United were the only team with a mathematical chance of overhauling Pep Guardiola's side, but a line-up bearing 10 changes from Sunday's 3-1 victory at Aston Villa showed how realistic Ole Gunnar Solskjaer thought those hopes were.
Liverpool are at Old Trafford on Thursday for their rearranged game, and Solskjaer's youthful line-up for this second of three matches in five days fell behind when Luke Thomas brilliantly steered in a 10th-minute volley for his first Premier League goal.
Mason Greenwood extended his recent purple patch to eight goals in 11 outings shortly afterwards but United carried little threat and Leicester centre-back Soyuncu was left to make his most telling contribution at the other end of the field midway through the second half.
It meant a third title in four seasons for Manchester City – an outcome that felt slightly fanciful when they lost 5-2 at home to Leicester back in September.
There was an injury scare for United left-back Alex Telles early on and Leicester's opener came as Youri Tielemans made progress down his flank, possibly over hitting the cross from which Thomas finished with aplomb.
A teenager more familiar with the scoresheet quickly got United back on terms, Greenwood drilling home in superbly assured fashion after Amad Diallo got the better of Thomas.
David De Gea pushed another awkwardly dipping Tielemans cross behind for a corner in the 28th minute, as the lively start to proceedings gave way to a more fragmented contest.
The Belgium midfielder remained the only Leicester player who looked frequently capable of unlocking a patched-up United and he slid a pass into Kelechi Iheanacho – De Gea sharply denying the striker with his boot.
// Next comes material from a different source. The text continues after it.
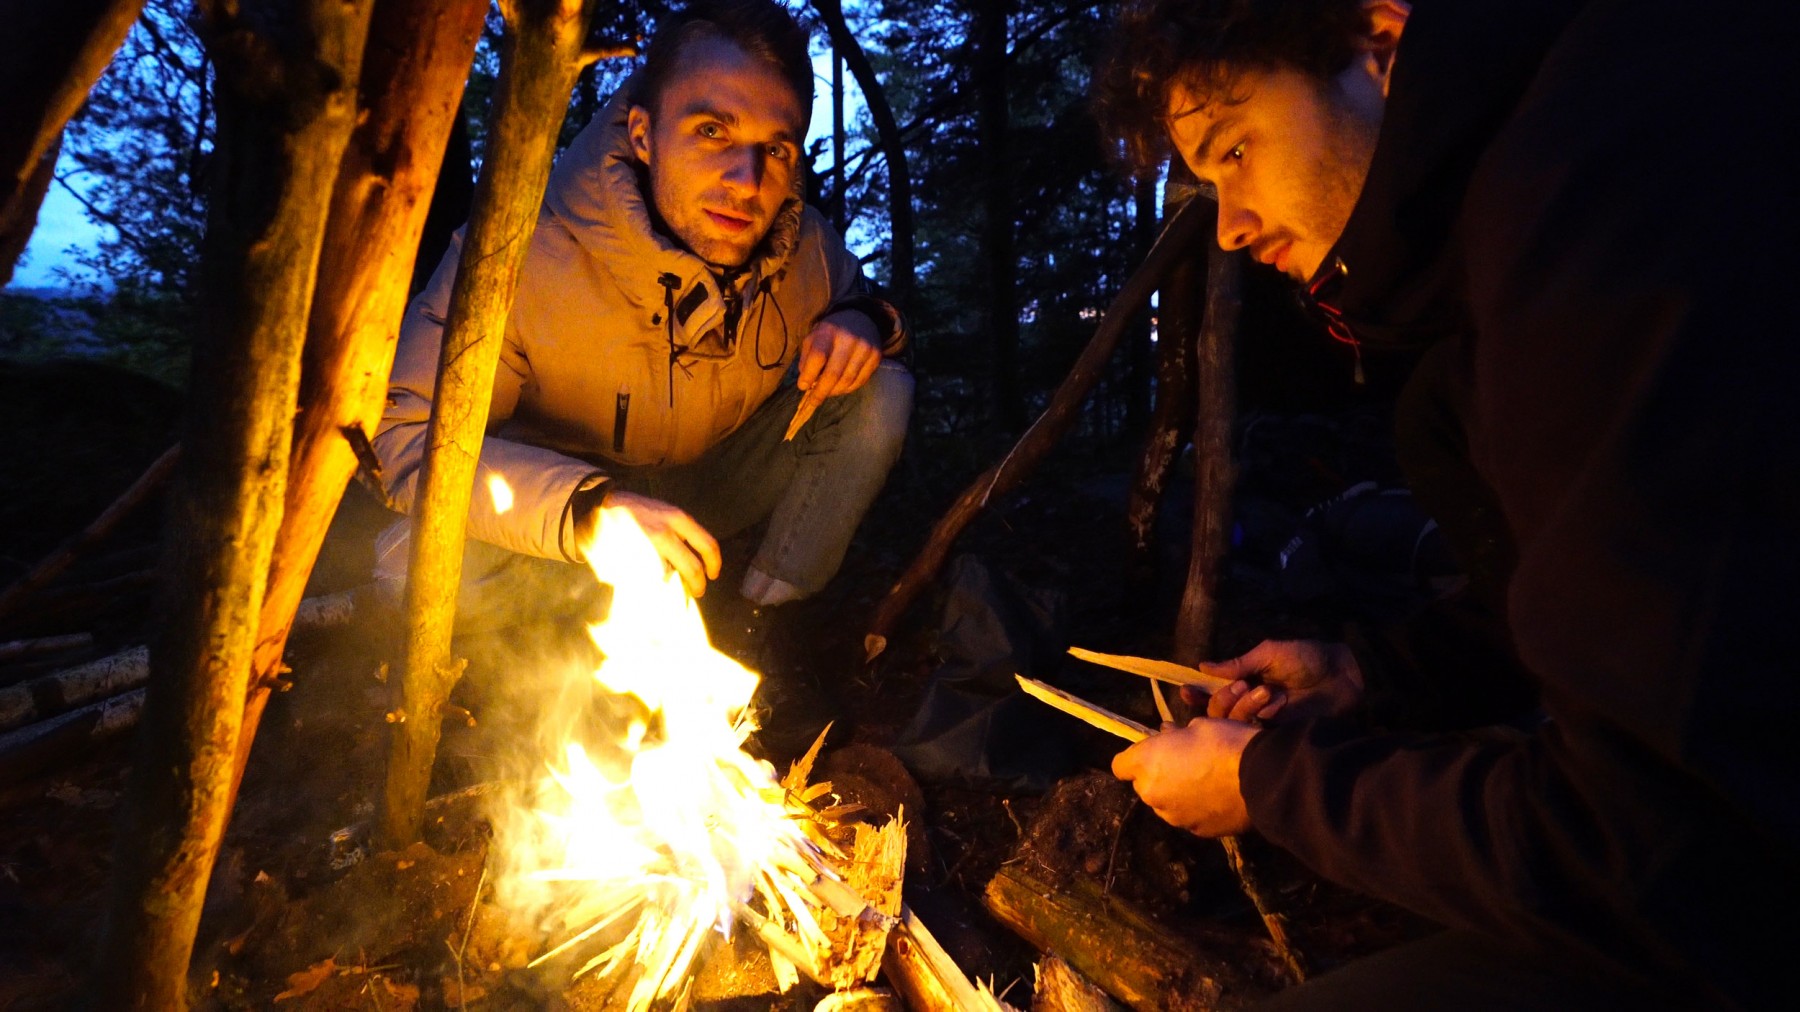 Squeezie et François autours du feu de camps (Nuit dans la forêt)

Leicester's deliveries from open play left plenty to be desired, although Marc Albrighton's 66th-minute corner picked out Soyuncu to power home as substitute Marcus Rashford was caught napping.
Rashford, Edinson Cavani and Bruno Fernandes amounted to some particularly prolific cavalry, the latter slicing wastefully wide six minutes from time as City readied the champagne corks.